Sizzling valuations are no bar for Asia data centre deals as AI growth beckons

investing.com 04/12/2024 - 03:07 AM

By Yantoultra Ngui, Kane Wu and Scott Murdoch

Global Investment in Data Centres in Asia Pacific

SINGAPORE/HONG KONG/SYDNEY (Reuters)

Global investors are eager to invest in Asia Pacific data centre operators, whether through direct stakes or public offerings, undeterred by high valuations driven by artificial intelligence-based services demand.

Industry executives indicate that regional data centres will maintain high valuations due to the industry's early development and optimistic growth prospects. However, concerns about inadequate infrastructure could pose challenges.

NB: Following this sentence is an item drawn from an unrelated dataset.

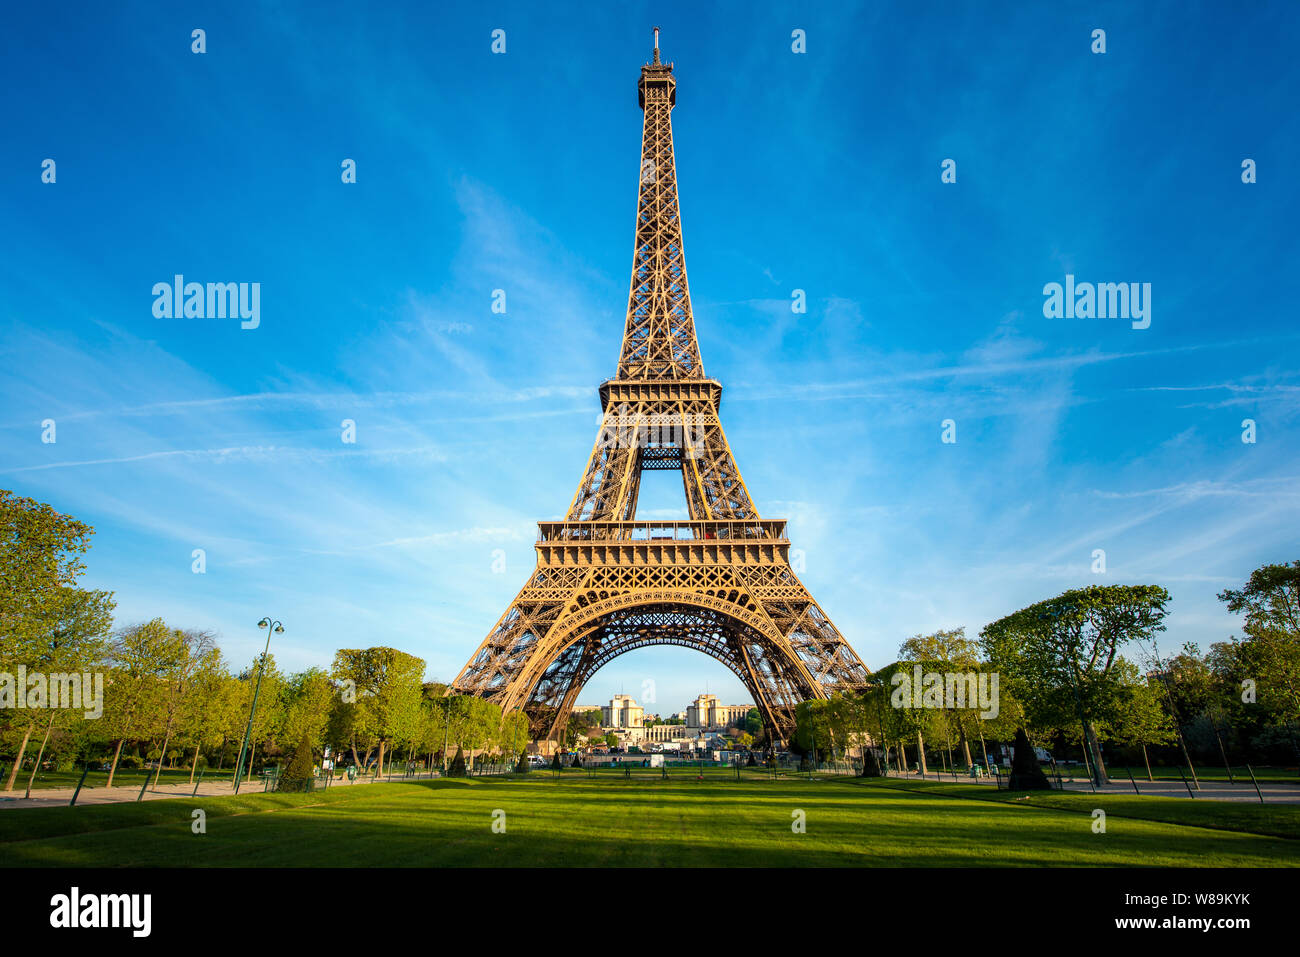 Vue panoramique du paysage sur la Tour Eiffel et le parc pendant la journée ensoleillée à Paris, France. Voyages et vacances. Banque D'Images

Data centres serve as facilities for processing and storing data using computer servers and equipment.

Valuation Benchmark Set

In September, a consortium led by Blackstone agreed to buy Australian data centre group AirTrunk for an implied enterprise value exceeding A$24 billion ($15.58 billion), representing over 20 times the target's forward core earnings.

Interest in a minority stake sale of Indonesian data centre NeutraDC includes potential buyers like Singapore Telecommunications (Singtel) and BDx Data Centers. A planned sale of a 20% to 30% stake in the data centre division of Indonesian state-owned Telkom could value the business above $1 billion.

Analyst Niko Margaronis from BRI Danareksa Sekuritas suggested NeutraDC might be valued over 20 times core earnings, supported by capacity expansion plans targeting 500 megawatts by 2028-2030, up from approximately 60 MW by end-2024.

A spokesperson for Telkom mentioned the sale process is progressing well but refrained from commenting on specifics.

Increased IPO Size Due to Strong Interest

Australia's HMC Capital reported that heightened investor interest led to upsizing the IPO of its data centres business, DigiCo REIT, by A$100 million to A$2.75 billion. This listing, Australia's largest for the year, is set to debut on December 12, at a valuation of 26 times forward earnings per DigiCo's prospectus.

The new valuation benchmark for data centre transactions stands in contrast to an average multiple of about 16 times core earnings for global private infrastructure deals, according to Realfin.

Manjit Balgir, Bank of America's Asia telecom and digital infrastructure head, noted that data centre asset valuations reflect the sector's rapid growth, driven by orders from hyperscale customers.

Execution Risks Persist

The AirTrunk acquisition has positioned Asia Pacific at the forefront of the global data centre M&A market this year, with a deal value totaling $17.03 billion, more than half of the global transactions, per LSEG data.

The elevated valuations in Asia are tied to the industry’s emerging status and operators' capacity expansions in response to rising AI demand.

KKR's director Projesh Banerjea highlighted the rapid growth potential, citing large contracts like a one-gigawatt agreement that could significantly increase capacity. KKR bought a 20% stake in Singtel's Asian data centre for S$1.1 billion ($818.64 million) last year.

Some investors express caution about the sustainability of high valuations amid execution risks related to power capacity and infrastructure inadequacies. Gilles Chow, CPP Investments' managing director, emphasized the growing importance of reliability in data centre delivery for tenants.

Charlie Wilson, from Sidley Austin, noted that while the Asia Pacific data centre market remains a positive growth narrative, a slight cooling of sector growth is anticipated as new capacity comes online.